A Case for Singing to Your Child
A clinical trial of a music therapy program showed how lullabies, sung by parents, help premature infants.

A study published yesterday in the journal Pediatrics demonstrated that what we've always intuited about the calming power of music for newborns has physical merit. Musical intervention -- including instruments that imitate sounds they heard in the womb or having their parents sing simple, meaningful melodies -- may impart additional benefits for premature infants.
Researchers at Beth Israel Medical Center found that a two-week program of music therapy for babies in the NICU was associated with lowered heart rates, improved sleep and sucking behavior, and, for the personalized lullabies, better feeding.
Although they didn't look at whether the music therapy actually affected the infants' medical outcomes, the researchers concludes that "the informed, intentional therapeutic use of live sound and parent-preferred lullabies applied by a certified music therapist can influence cardiac and respiratory function."
Really, though, the spirit behind the study is much less clinical than all that. It starts with the recognition that the NICU is scary, and depersonalized, in ways that can be harmful to both a premature infant and its parents. Its main focus seems to be underscoring the importance of human connection, and parent-infant bonding, for families where the infant's birth, and first days, may have been overwhelmed by the medical interventions of the intensive-care unit.
About half of the 272 infants across 11 NICUs were sung "Twinkle, Twinkle Little Star," chosen for its approachability. "Twinkle" is a melody that is well known to parents of all cultures in the United States," explain the authors. "It is based on a perfect 5th and has a small melodic range and repetitive patterns, with a simplified structure easily sung by 'nonmusician' adults."
The researchers preferred, though, to use "songs of kin," melodies chosen by the parents that were imbued with contextual importance, be it spiritual, tied to the family's culture or history, or invented by the parents themselves. Such songs can create an atmosphere of comfort and normalcy and, they suggest, help the infant develop as a member of its family, instead of just another patient in an incubator.

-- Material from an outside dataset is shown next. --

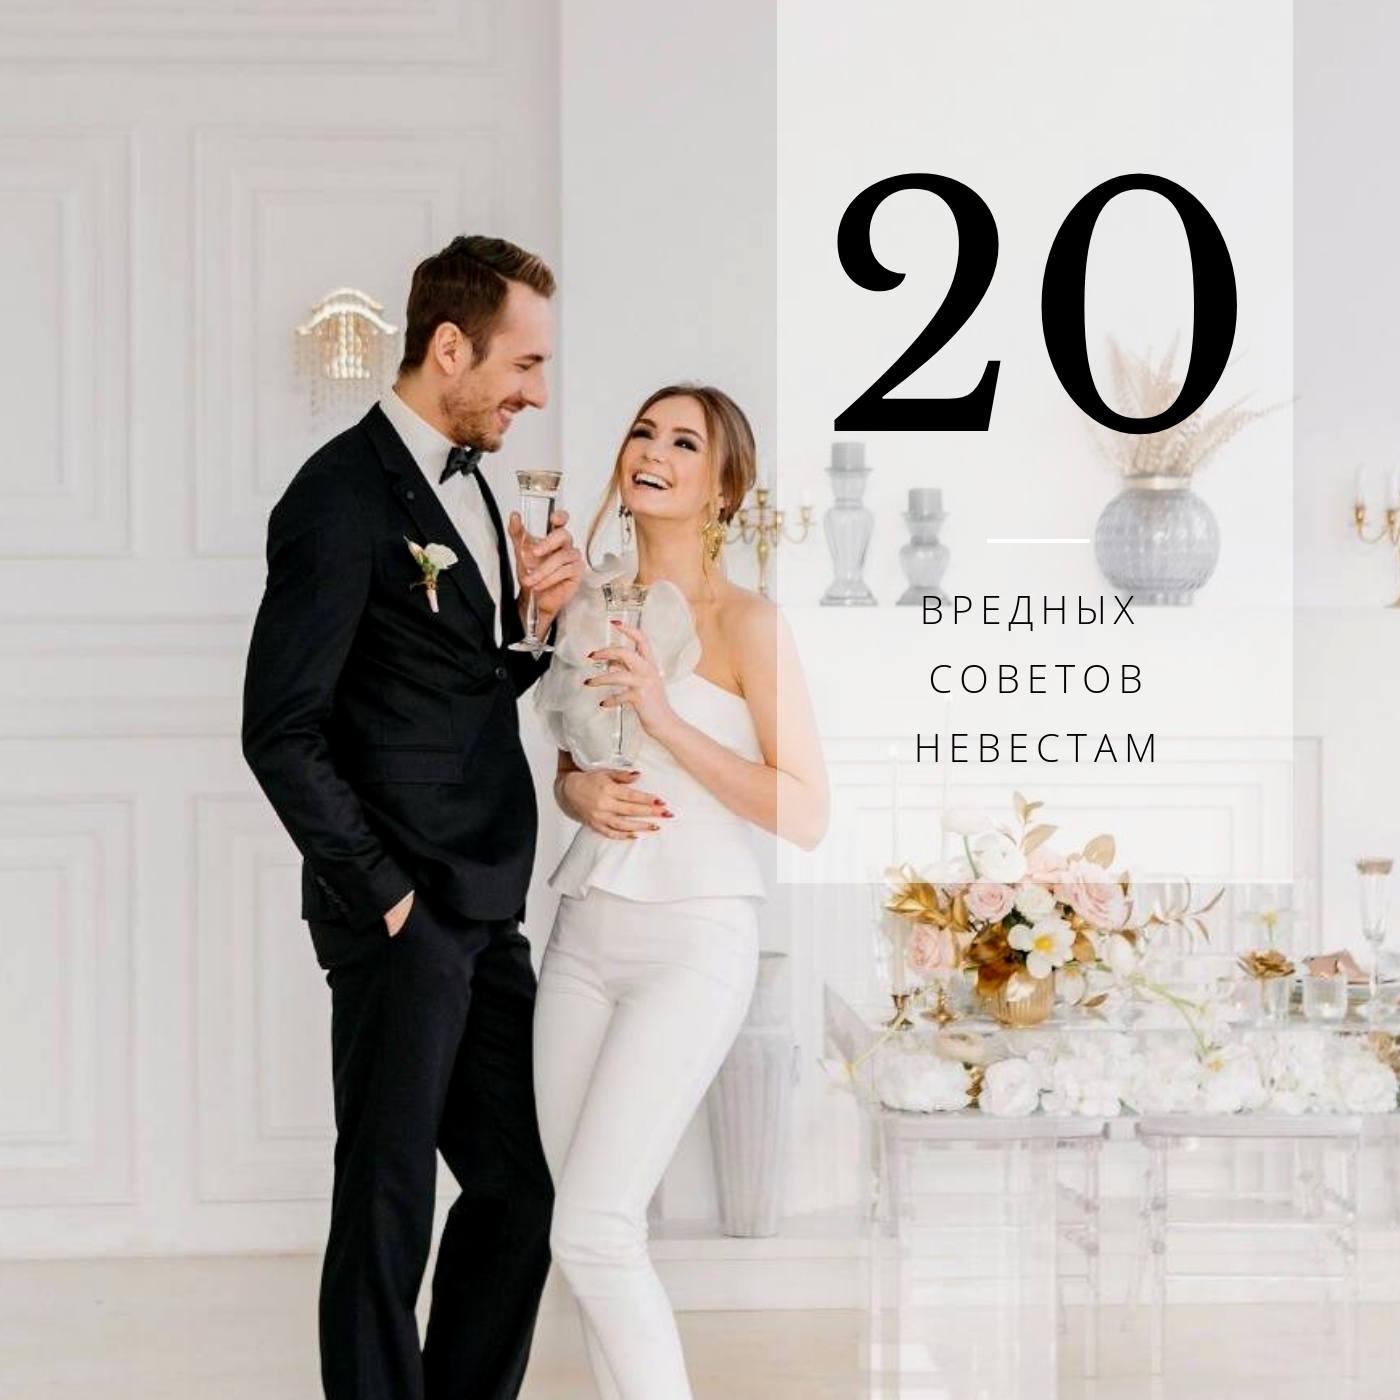 20 вредных советов невестам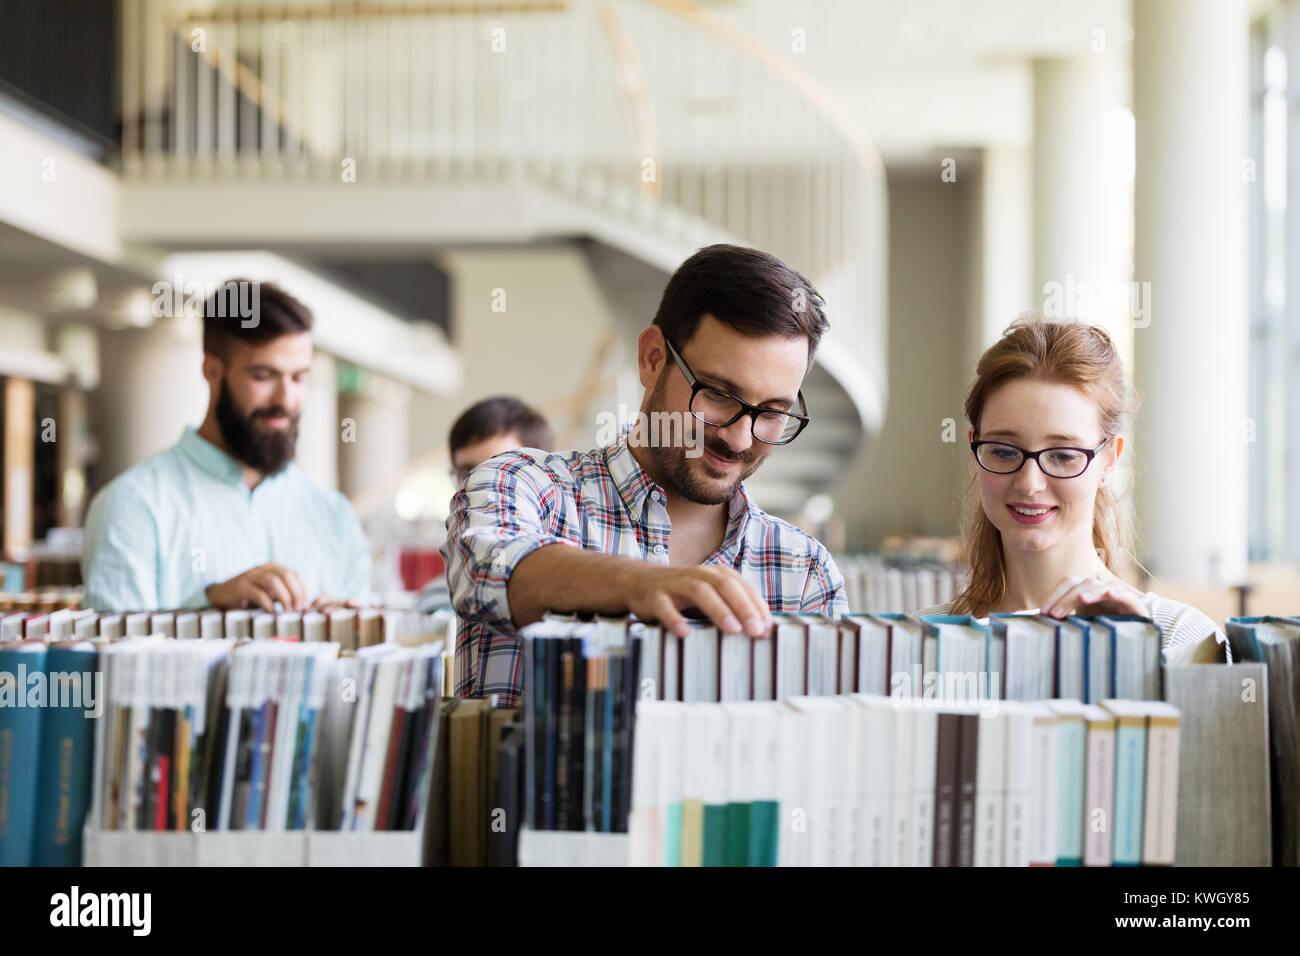 Contenti i giovani studenti universitari che studiano con libri in biblioteca Immagini Stock

A complementary approach, which the researchers described as the most innovative, matched the rhythm of percussive instruments to the infants' breath, which they believed would "evoke an environment of strength and stability." These instruments need be played live, they said, because a recording can't respond to the infants' body rhythms. In some cases, the parents were taught how to mimic these sounds, which evoked breathing and heartbeats, as part of their lullabies.
There is, as the researchers note, a lot of research suggesting that finding a way to support parent-infant bonding, which can be difficult to accomplish with premature infants, can impact long-term health outcomes. While having a trained specialist will help, lullabies are something that can be more or less universally applied, by "nonmusician" adults and by people like the young mother featured in The New York Times' coverage of this study, who only found out she was pregnant a week before giving birth to her son, 13 weeks early. Her particular circumstances underscore another important, if not clinically significant, result of the intervention: it was associated with reduced stress for parents, who were given a natural, and visibly effective, way to care for their newborns during a time when almost everything else was outside of their control.